1. A product line is sold in 15 different configurations of packaging. How does the large number of package types influence the value of the chi-squared statistic?
2. Why are chi-squared statistics not directly comparable between tables of different dimensions when the null hypothesis of independence holds?
3. Could Cramer’s V (Chapter 5) have been used rather than p-values to standardize the results? Give an advantage and a disadvantage of p-values compared to Cramer’s V statistics.
4. Of the 650 products, 69 come in 5 types of packaging. If packaging type and location are independent, what should be the average value of these 69 chi-squared statistics?
5. Suppose managers evaluate the association between package type and location for 50 products for which these are independent attributes. The data in each table are independent of the data in other tables.
a. How many of these 50 p-values would be expected to be less than 0.05?

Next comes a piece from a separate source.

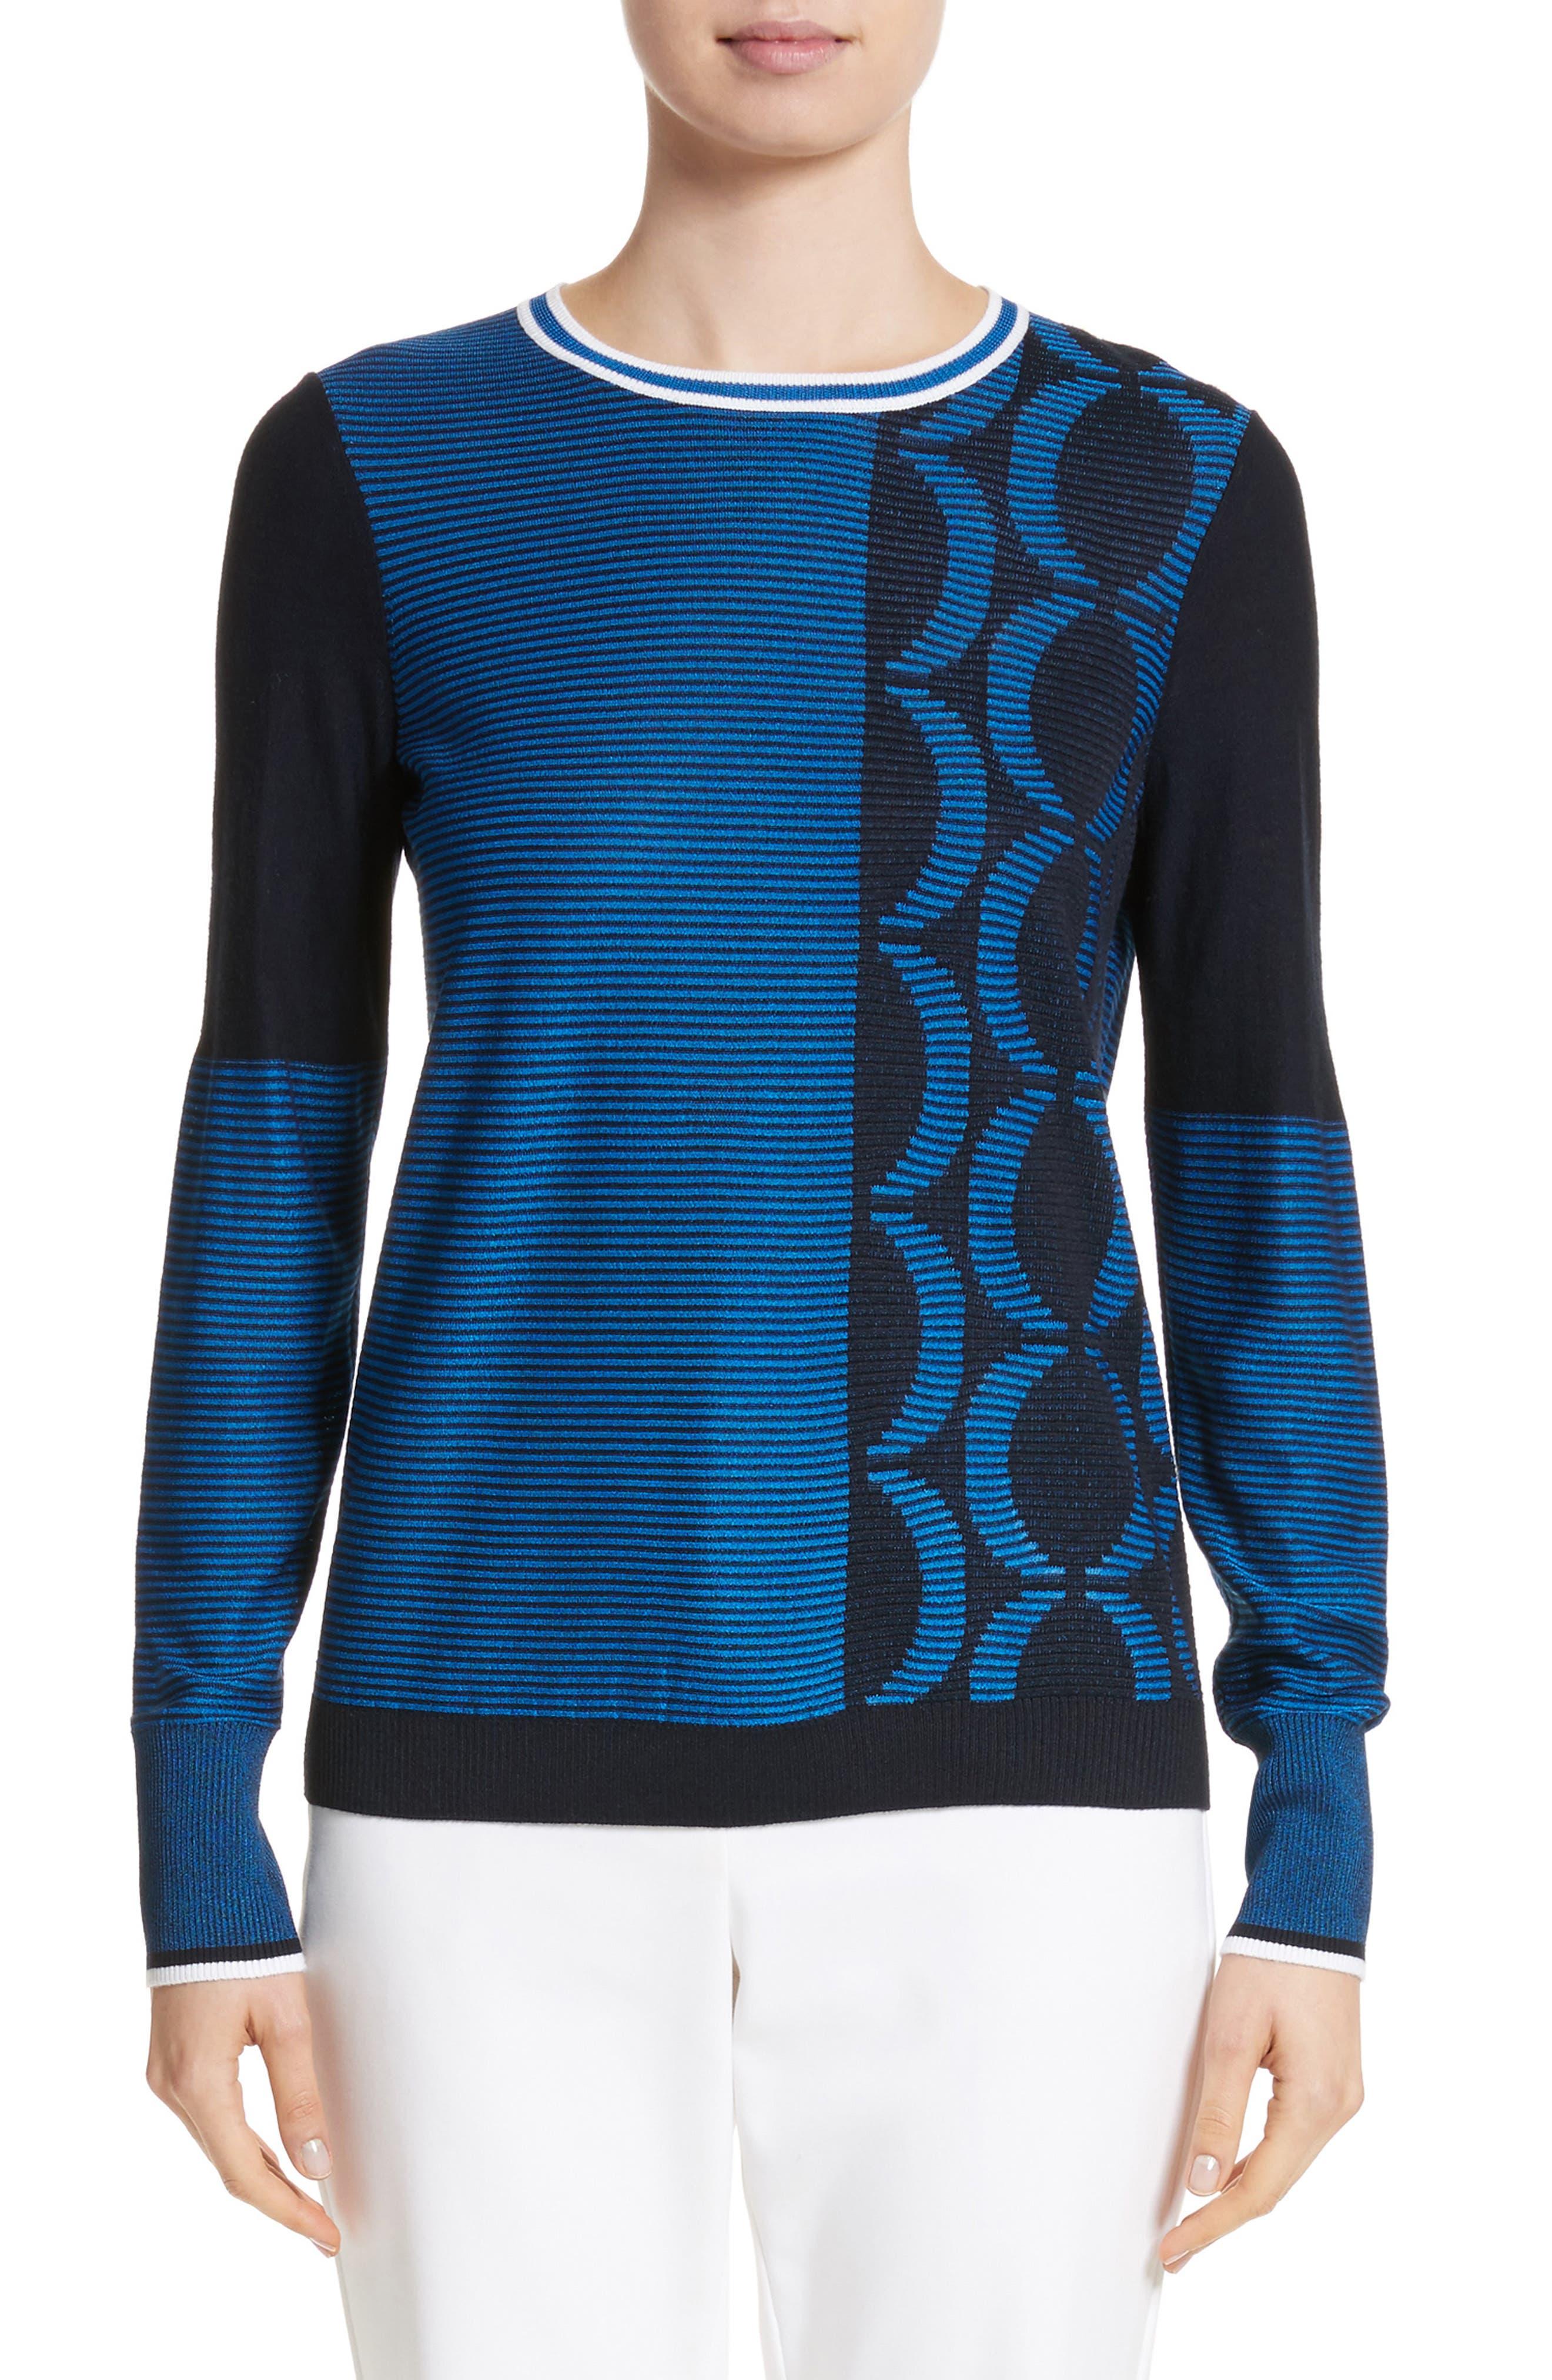 Jacquard Knit Sweater,                             Main thumbnail 1, color,                             Navy/ Niagara/ Bianco

b. What is the probability that at least one p-value would be less than 0.01?
c. If the smallest p-value is less than 0.01, should we conclude that package type and location for this product are associated?
6. The data used in the chi-squared analysis has 200 cases for each location. Is it necessary to have the same number of observations from each location for every product?
7. The histogram of p-values (Figure 4) shows that 84 products have p-value less than 0.025. Does this mean that if we were to examine all of the transactions for these products that we would find Location and Package Type associated for all 84 of them?
8. Explain how the analysis of packaging types could be used to manage the mix of colors or sizes of apparel in clothing stores that operate in different parts of the United States.